4. Eu égard aux conséquences qu'a la situation de l'étranger, notamment sur son droit à se maintenir en France et, dans certains cas, à y travailler, la détention du récépissé qui lui est en principe remis après l'enregistrement de sa demande, et au droit qu'il a de voir sa situation examinée au regard des dispositions relatives au séjour des étrangers en France, il incombe à l'autorité administrative, après lui avoir fixé un rendez-vous, de le recevoir en préfecture et, si son dossier est complet, de procéder à l'enregistrement de sa demande dans un délai raisonnable.

5. M. B soutient avoir sollicité du préfet du Puy-de-Dôme, en juillet 2023, le renouvellement de sa carte de séjour pluriannuelle valable du 2 août 2021 au 1er août 2023 et ne jamais avoir été mis en possession de récépissés de demande de renouvellement de titre de séjour. Il produit, au soutien de ses allégations, un formulaire de dossier de demande de délivrance de titre de séjour complété à la main et mentionnant qu'il a été fait " à Clermont-Ferrand le 16/ ", sans plus de précisions, ainsi que l'accusé de réception par la préfecture du

Puy-de-Dôme, le 18 juillet 2023, d'un courrier qu'il lui a adressé. Toutefois, aucun élément du dossier ne permet de considérer que l'éventuel dossier de demande de titre de séjour qu'il a présenté était complet et justifiait que le préfet lui délivre un récépissé de demande de titre de séjour. Dans ces conditions, le requérant n'est pas fondé à soutenir qu'une décision implicite de rejet de sa demande est née à l'expiration du délai de quatre mois en application des dispositions combinées des articles R. 432-1 et R. 432-2 du code de l'entrée et du séjour des étrangers et du droit d'asile. Par suite, les conclusions de la requête de M. B tendant à la suspension de l'exécution d'une décision implicite de rejet dont l'existence n'est pas établie sont manifestement irrecevables.

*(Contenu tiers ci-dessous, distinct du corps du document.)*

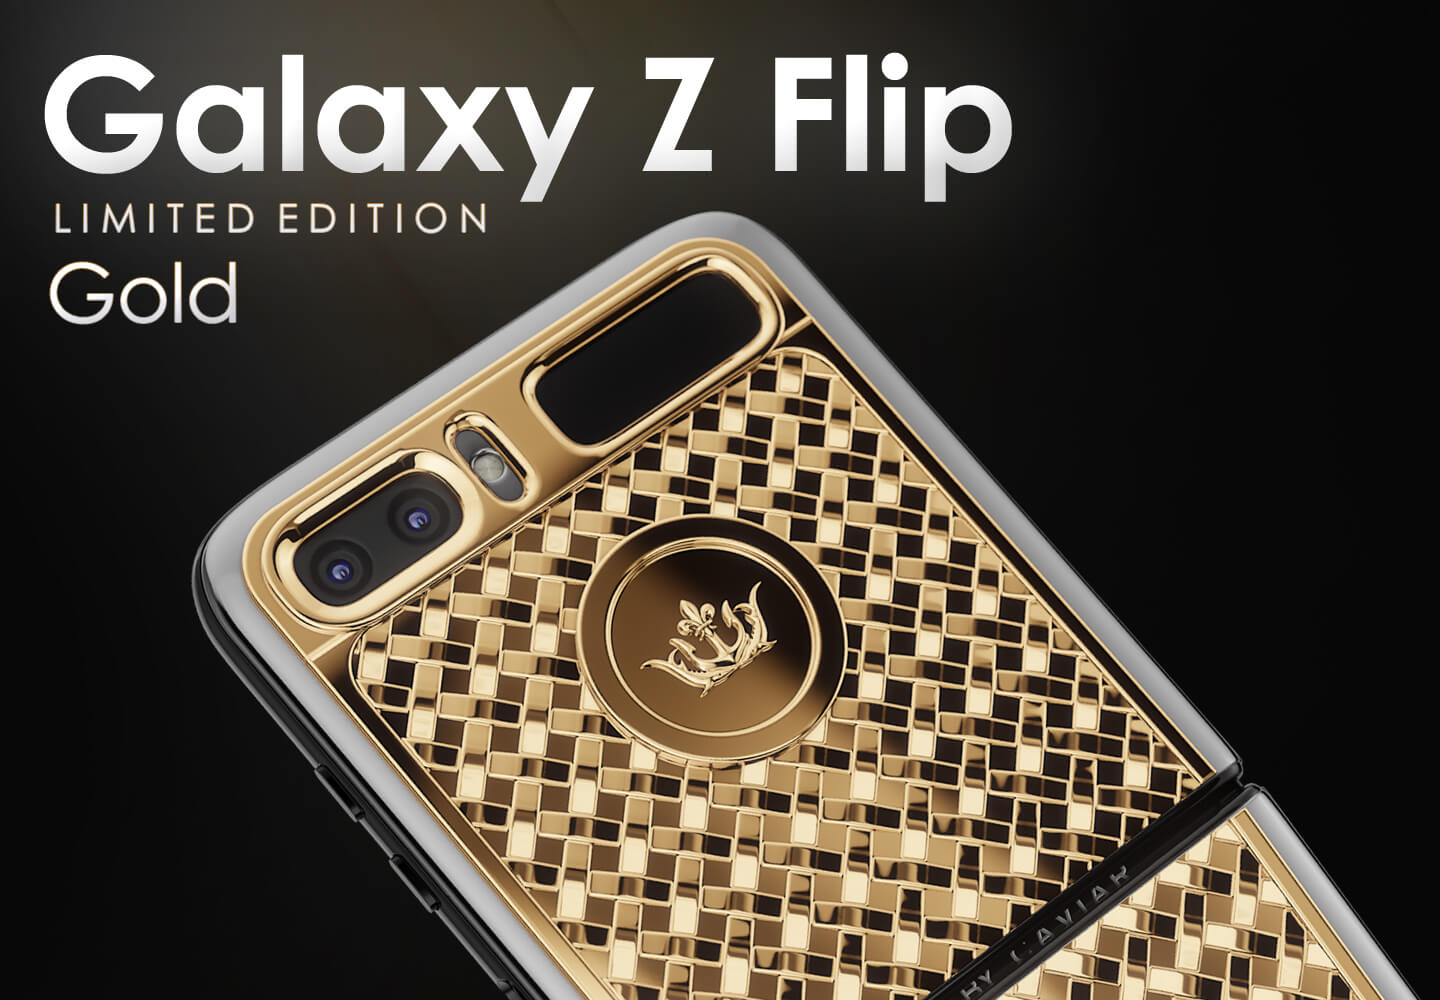 Samsung Galaxy Z Flip Gold

6. Il résulte de ce qui précède que la requête de M. B doit être rejetée selon la procédure prévue par l'article L. 522-3 du code de justice administrative, y compris les conclusions aux fins d'injonction ainsi que celles présentées sur le fondement de l'article

L. 761-1 du code de justice administrative et de l'article 37 de la loi du 10 juillet 1991.

O R D O N N E :

Article 1er : La requête de M. B est rejetée.

Article 2 : La présente ordonnance sera notifiée à M. A B.

Fait à Clermont-Ferrand, le 26 juillet 2024.

Le juge des référés,

L. PANIGHEL

La République mande et ordonne au préfet du Puy-de-Dôme en ce qui le concerne ou à tous commissaires de justice à ce requis en ce qui concerne les voies de droit commun contre les parties privées, de pourvoir à l'exécution de la présente ordonnance.